Material provided:
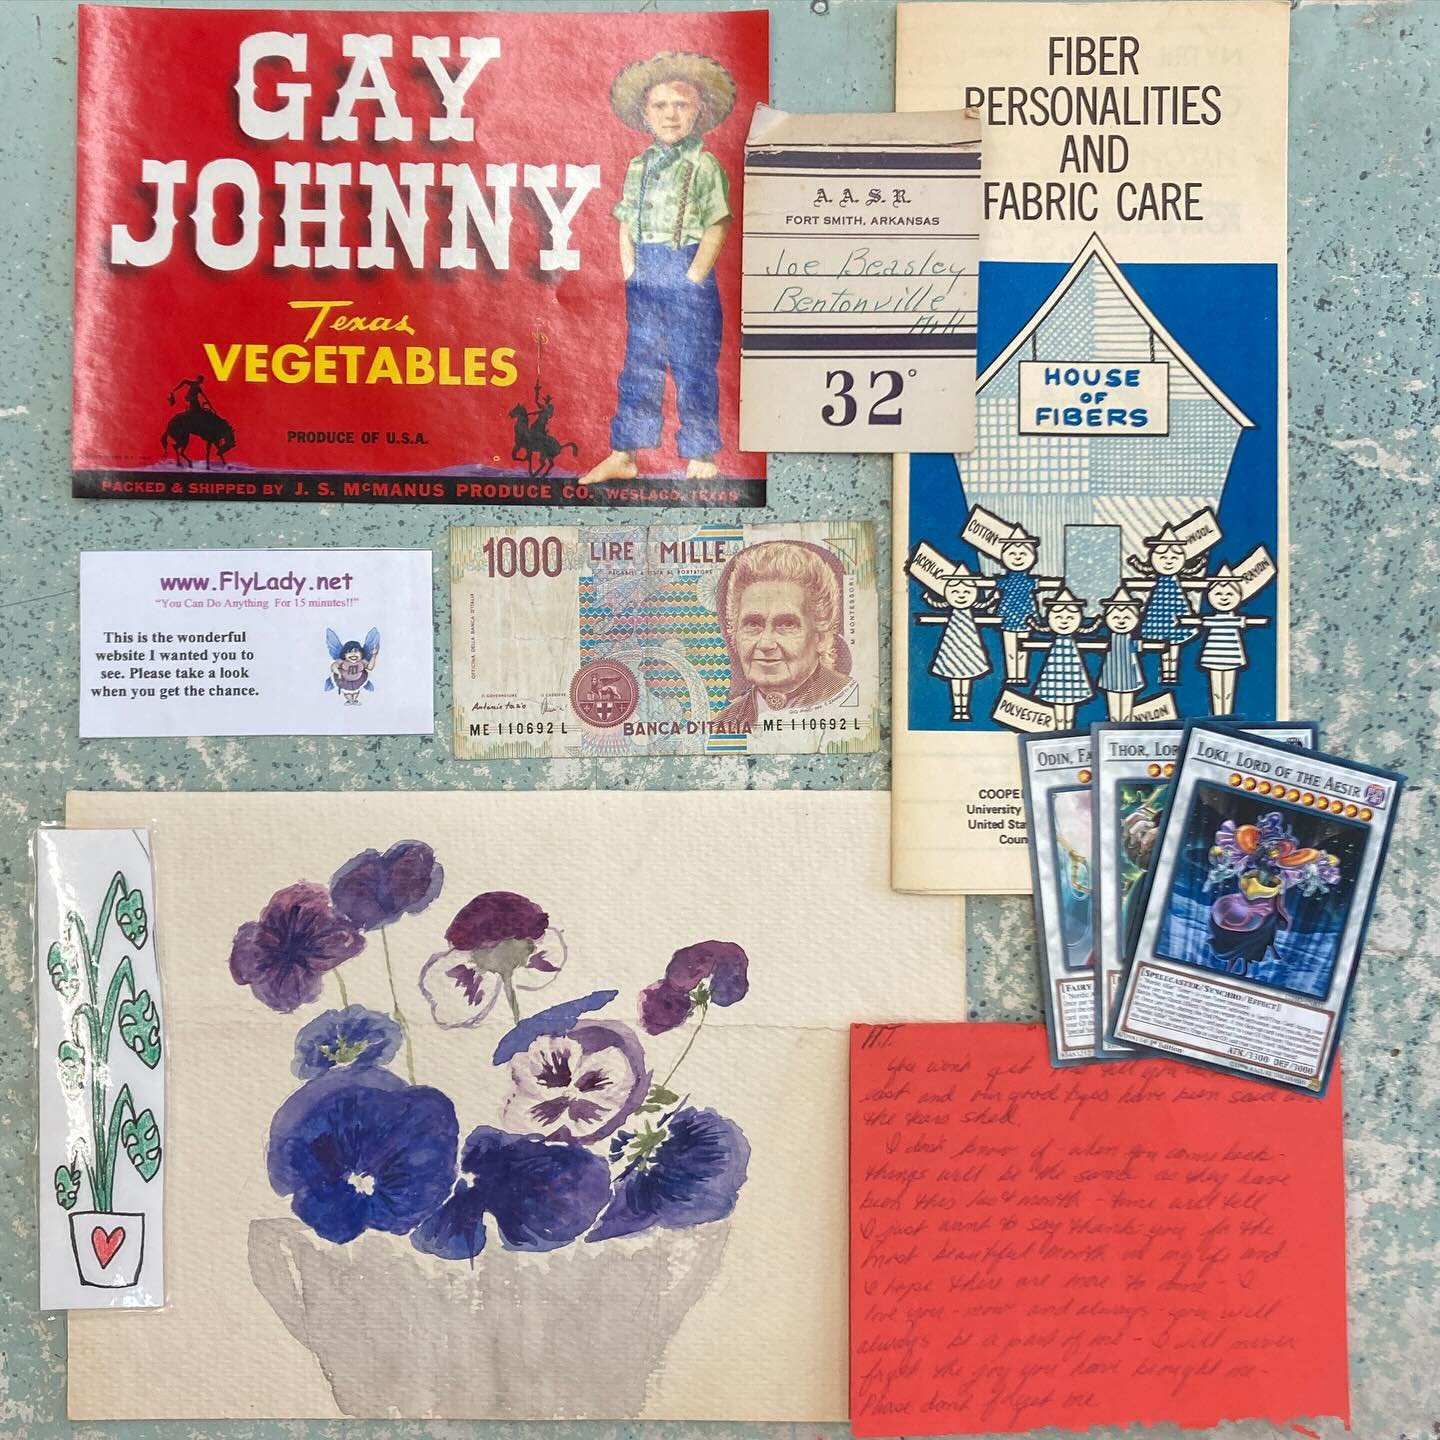 Good day to youns and yourns, here&rsquo;s a bunch of neat stuff we found in books this week:

- Gay Johnny Texas Vegetables, unused 1950s vegetable crate label featuring Gay Johnny and a couple of rootin&rsquo; tootin&rsquo; cowboys

- Potted plant

Try it: Copy all of the listing word for word, minus the images.

Answer to the exercise:
 Good day to youns and yourns, here&rsquo;s a bunch of neat stuff we found in books this week:

- Gay Johnny Texas Vegetables, unused 1950s vegetable crate label featuring Gay Johnny and a couple of rootin&rsquo; tootin&rsquo; cowboys

- Potted plant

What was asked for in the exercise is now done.